What you are asked to do »
The whole listing, apart from its images, should be restated word for word.

Data segment »
^^^^^^^^^^^^^^^^
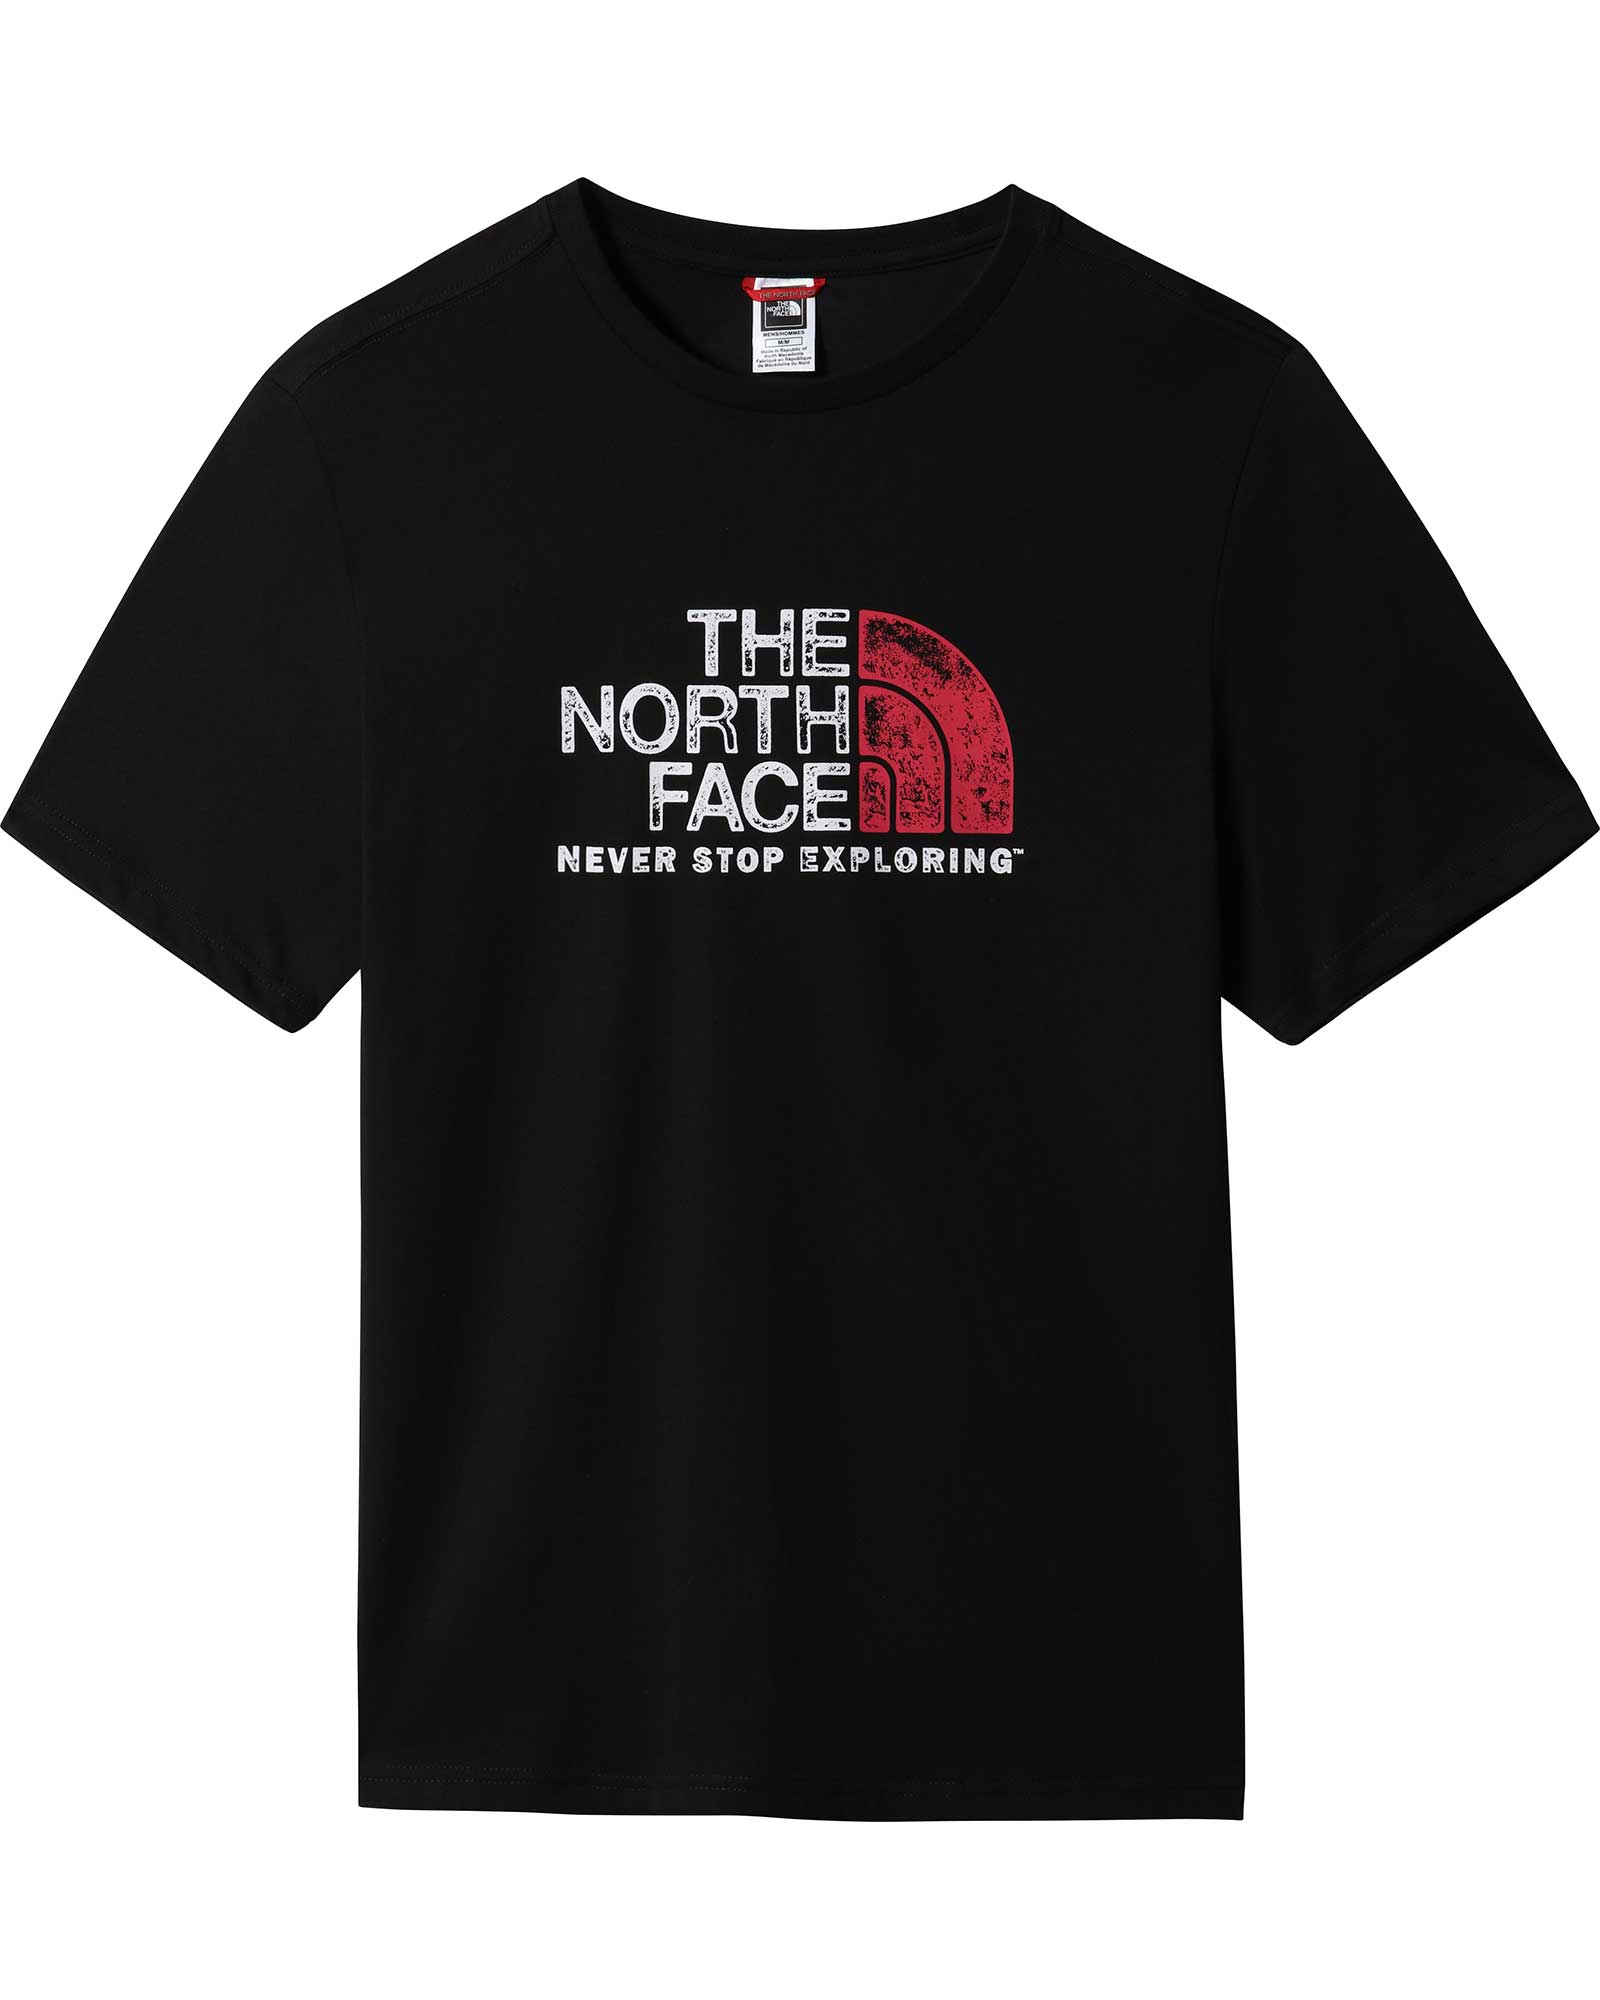 The North Face Rust Men's T-Shirt | Ellis Brigham
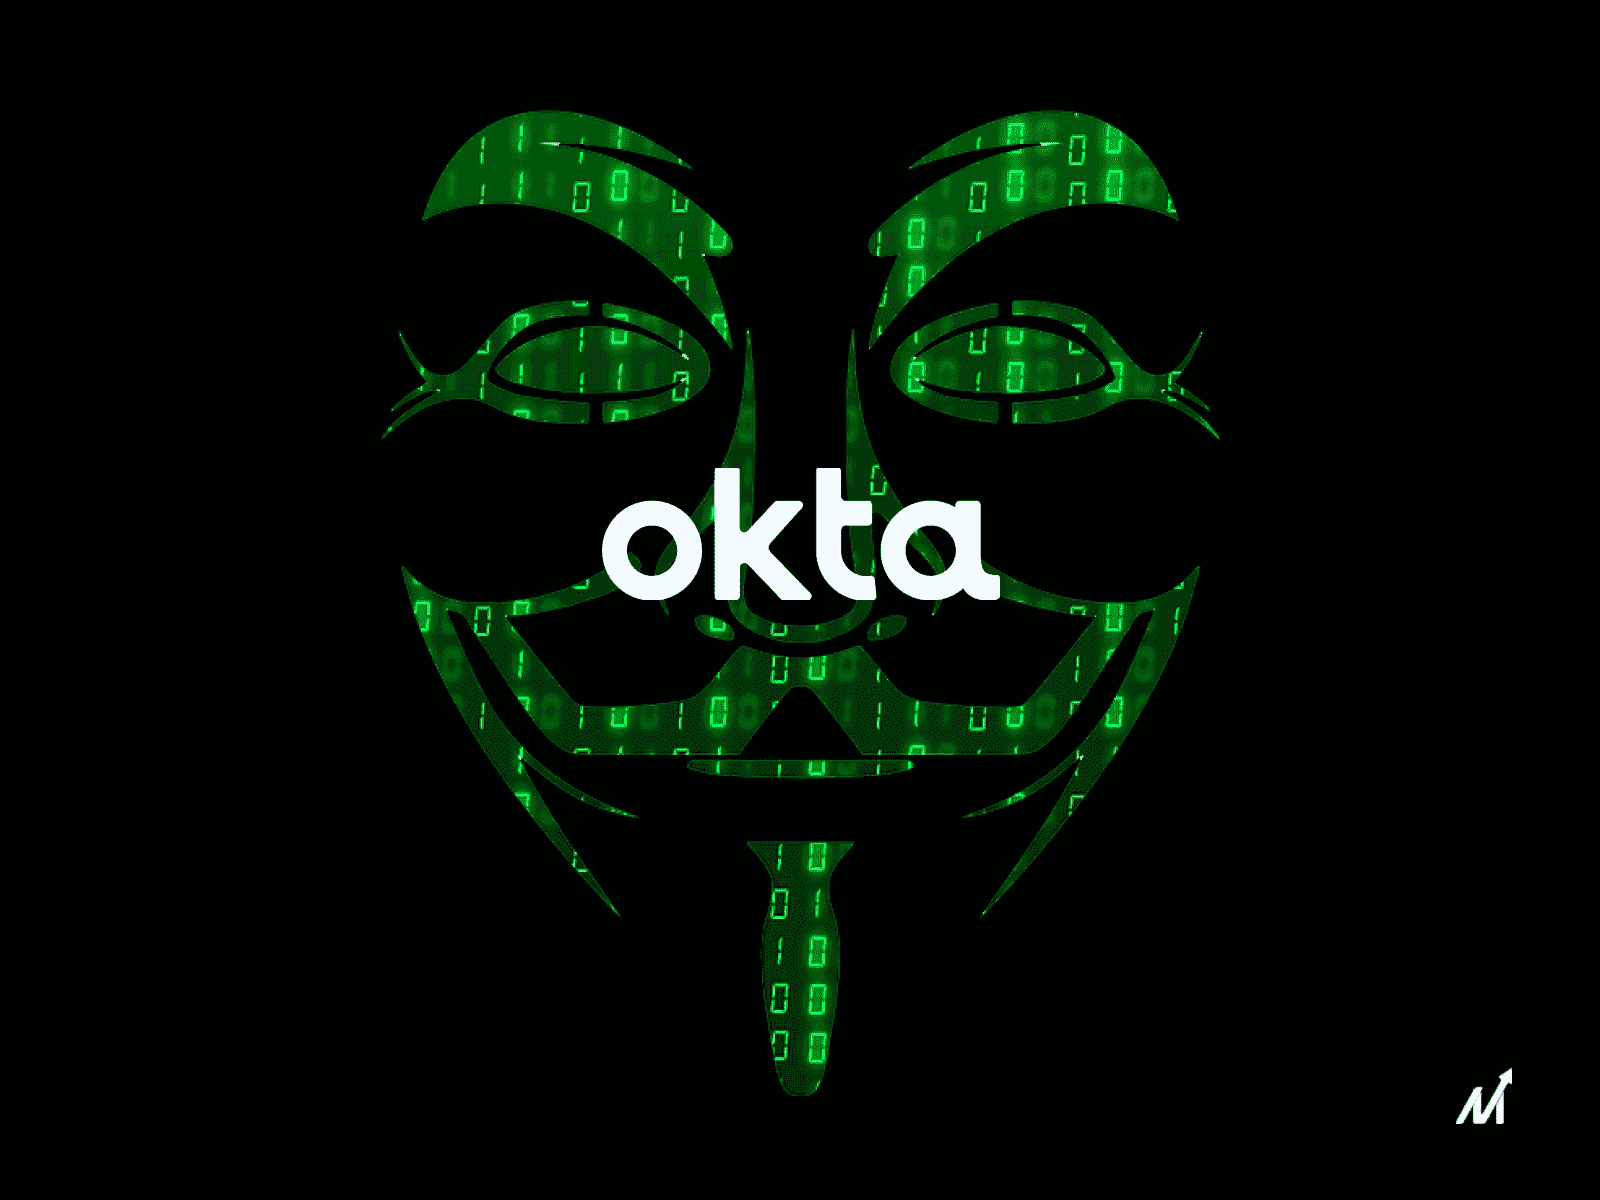 Okta's
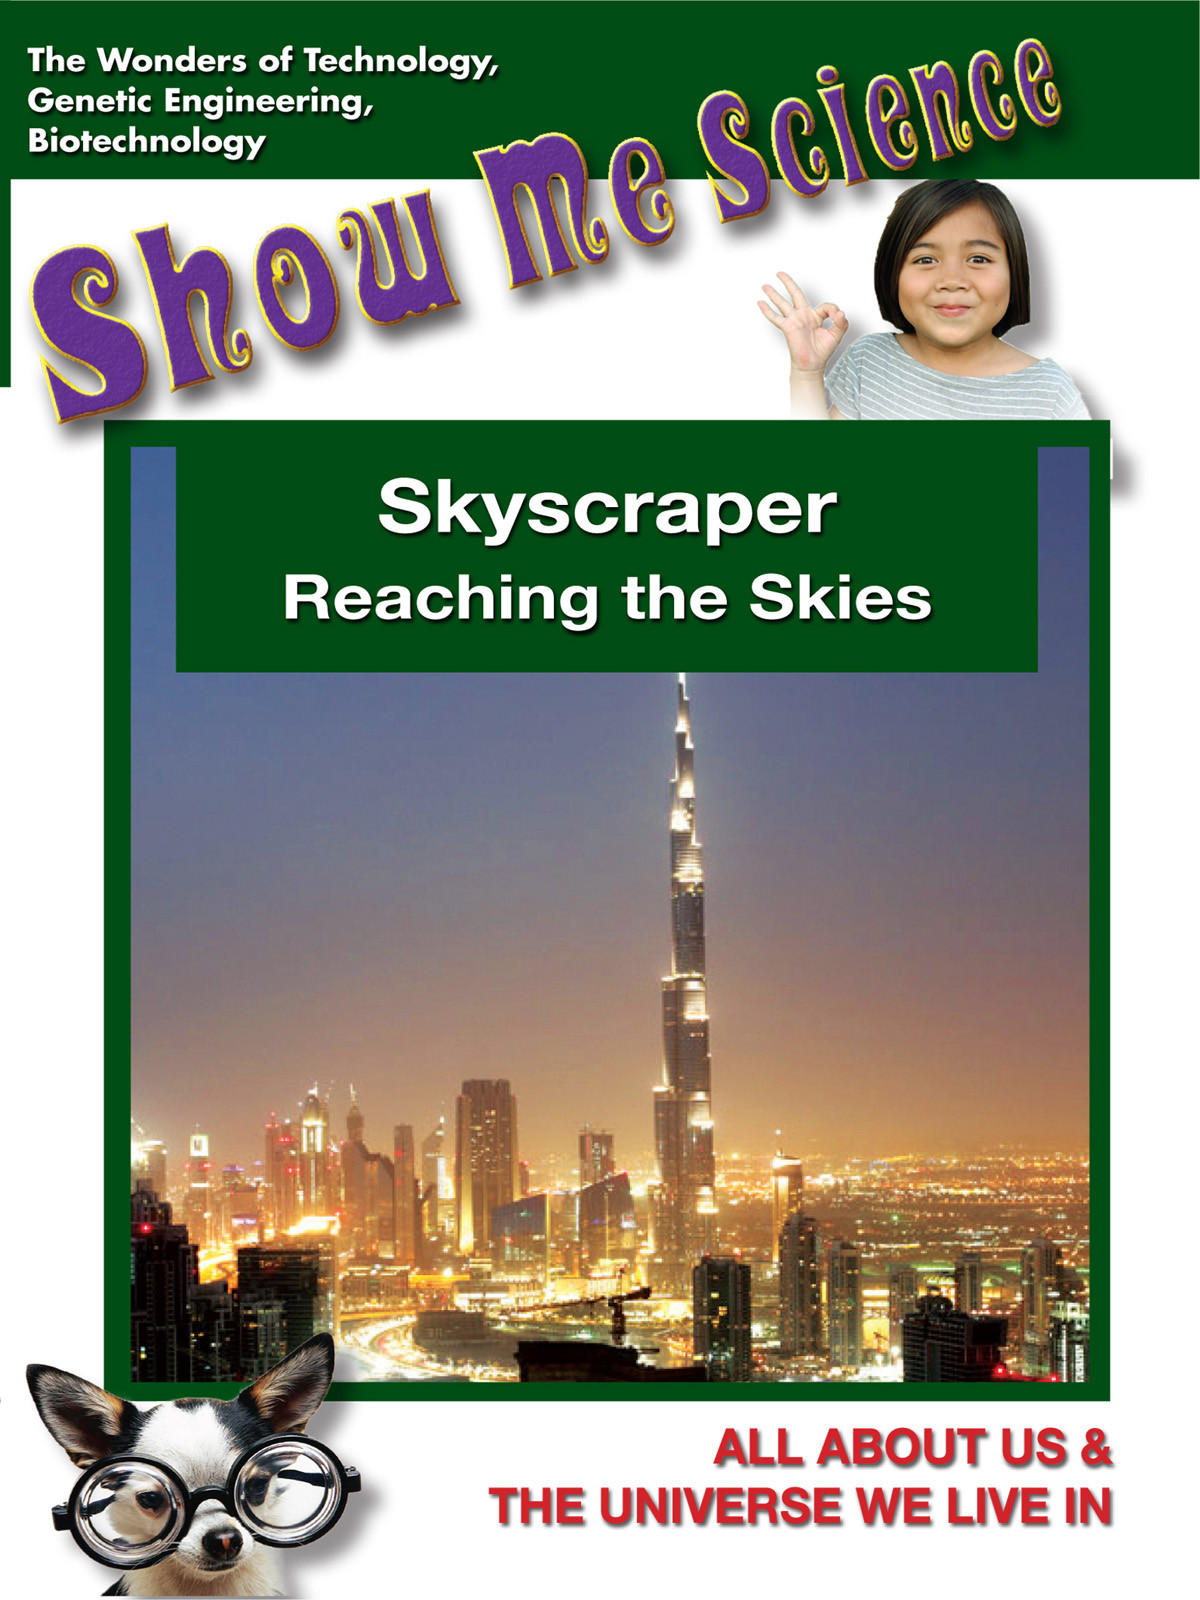 K4639 - Skyscraper  Reaching the Skies
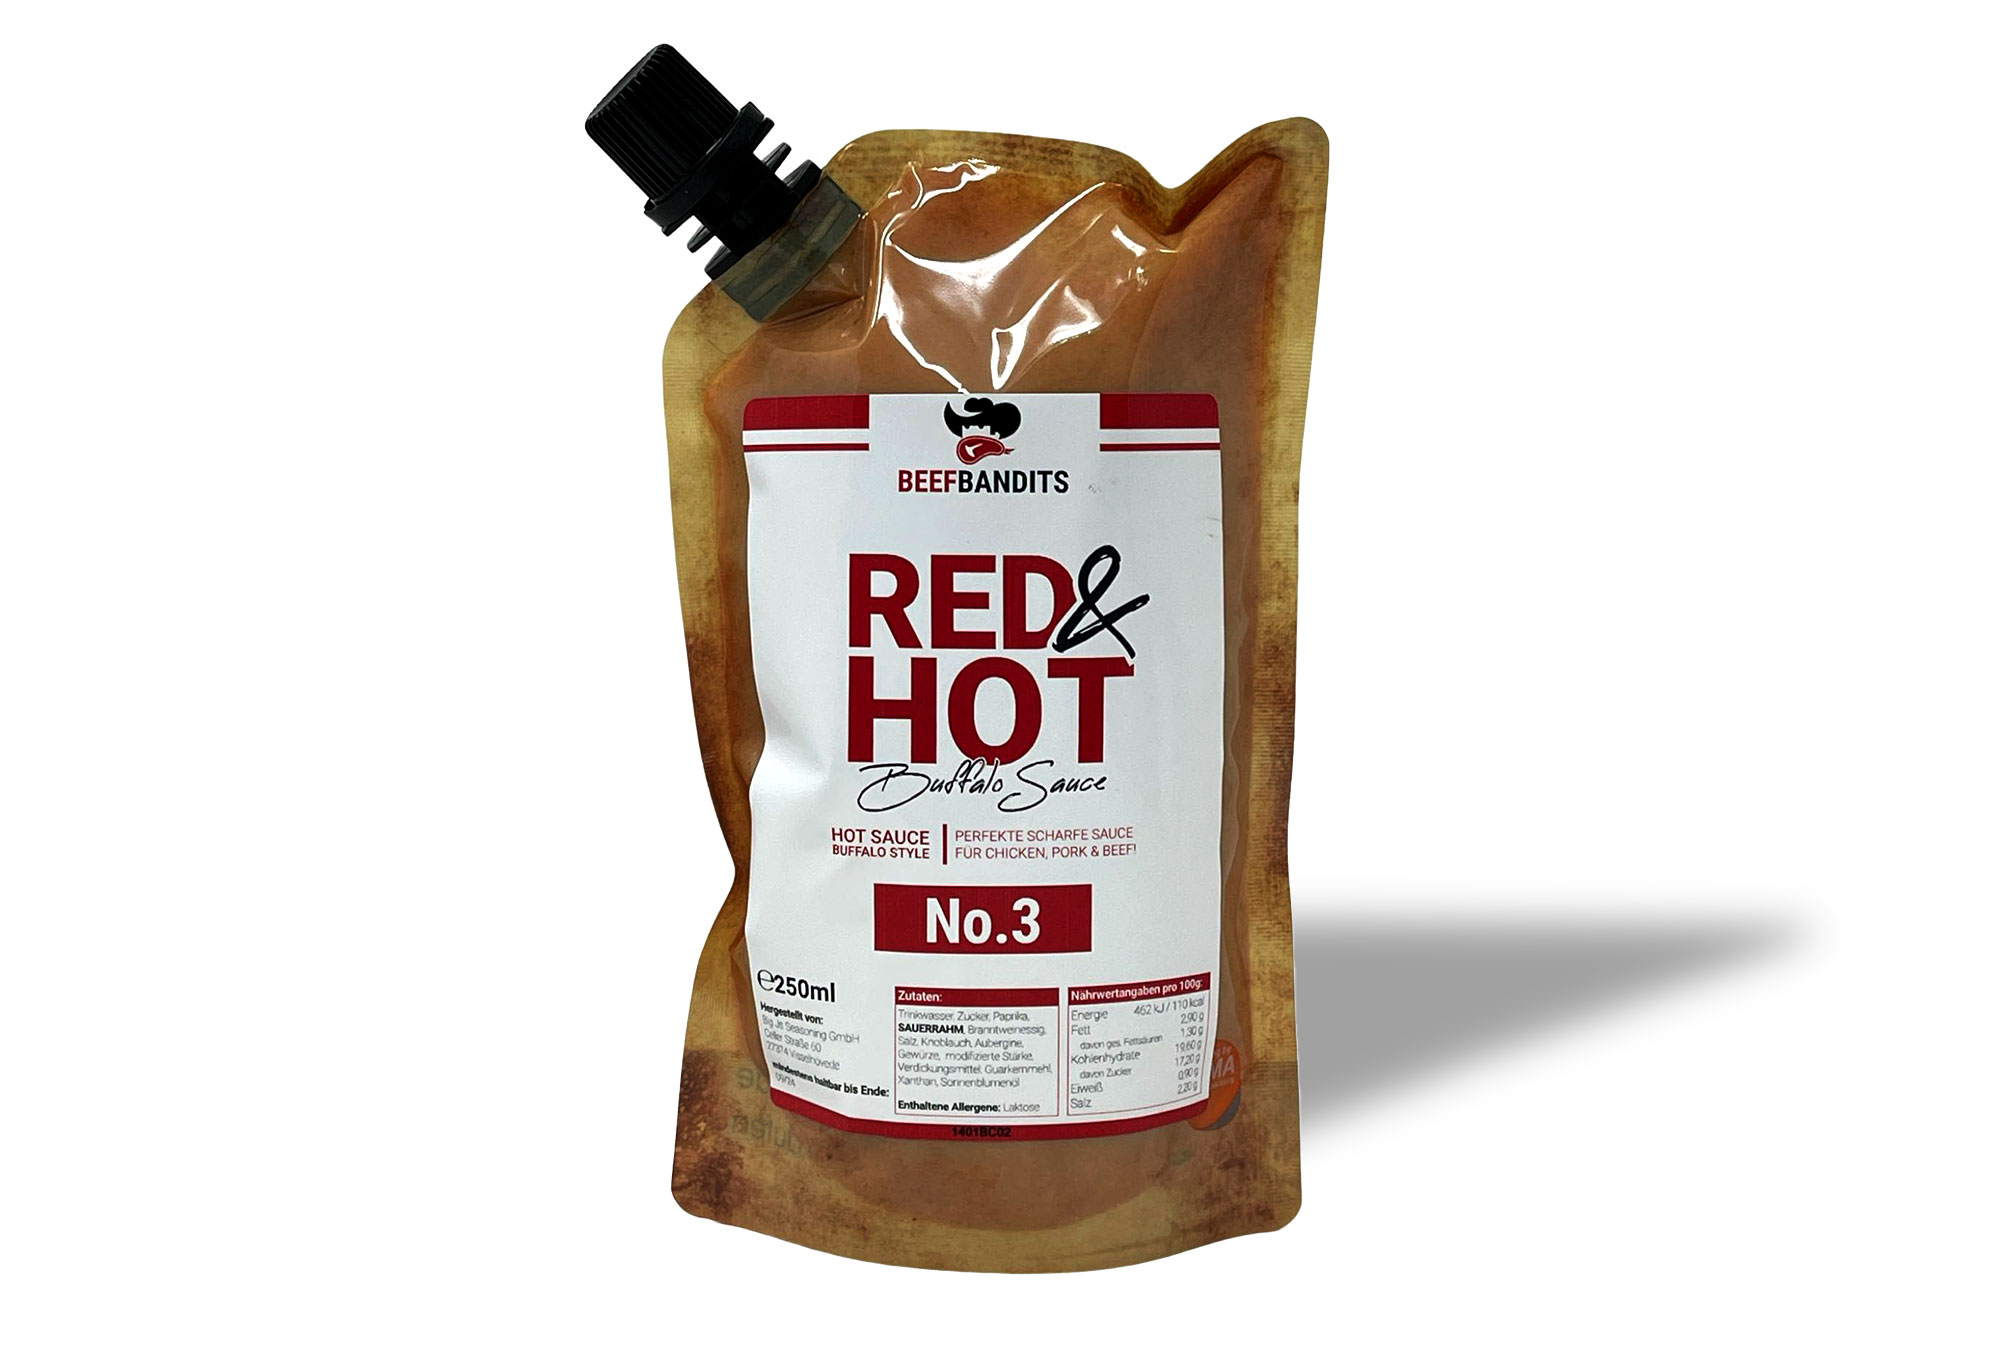 RED + HOT Buffalo Sauce | perfekte scharfe Soße für Chicken, Pork & Co | 250ml
^^^^^^^^^^^^^^^^
Solution »
 The North Face Rust Men's T-Shirt | Ellis Brigham
 Okta's
 K4639 - Skyscraper  Reaching the Skies
 RED + HOT Buffalo Sauce | perfekte scharfe Soße für Chicken, Pork & Co | 250ml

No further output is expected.